There's just no way to stock months and months of every possible medication, and with no quick resupplies from Earth, it'll be important to figure out what's likely to go wrong. For now, let's switch gears to something much, much farther from home. Last week, scientists writing in the journal Nature described what might be the discovery of some of the very first stars.

Astronomers have wondered for a long time about when and how the earliest stars formed. We know today that the universe is about 13.8 billion years old, and we also know that it looked pretty different when things first got started. For the first few hundred millions of years, the universe was in what astronomers call the cosmic dark ages.

At that point, there were basically only three kinds of stuff: dark matter, hydrogen atoms, and helium atoms. Over time, those ingredients clumped together to form the first stars and the earliest galaxies. Then, little by little, the universe started to look like the place we know and love today.

But one of the big goals in cosmology is to understand the time around when stars first came about. And the astronomers in the Nature study had a unique chance to do that. In a previous study, they'd used Europe's XMM Newton radio telescope, which is in orbit around Earth, to zoom in on one of the farthest-known galaxy clusters.

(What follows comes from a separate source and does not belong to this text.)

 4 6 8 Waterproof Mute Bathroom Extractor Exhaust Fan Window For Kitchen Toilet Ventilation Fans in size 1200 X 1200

Because of the amount of time its light has taken to reach us, we're seeing the cluster as it looked around 10.4 billion years ago. At this distance, the galaxies don't look like much more than a bunch of blurry smudges, but that's okay, because what the team was really interested in was their color. Galaxies take on the color of all their individual stars, which go from relatively blue to redder as they age.

And using computer models, astronomers can estimate the age of a star based on its color. In this case, the team used NASA's Hubble Space Telescope to peer inside and study the cluster's individual galaxies. And they found that the stars in the cluster all seemed to be around three billion years old.

Once they added the stars' age to the 10.4 billion years they were looking back in time, the team estimated that these stars formed just 370 million years after the Big Bang. That would place them right at the tail-end of the cosmic dark ages, making them some of the first stars to ever exist in the universe. And that makes them prime targets for future observation.

Now, dating by color is a pretty imprecise technique, but even so, these first hints at the universe's oldest stars have already started to raise new questions. For one, the researchers cataloged at least 19 galaxies that seem to have almost exactly that same age. Astronomers wonder if they all responded to some sudden change in cosmic conditions, or if the formation of one galaxy could have triggered some kind of chain reaction across a huge region of space.

Either way, we're going to need more and better observations to sort it all out. And once NASA's upcoming James Webb Space Telescope launches, we'll be able to get a better look at these distant regions of the universe. In the meantime, though, we've got blood clots to study! [♩OUTRO].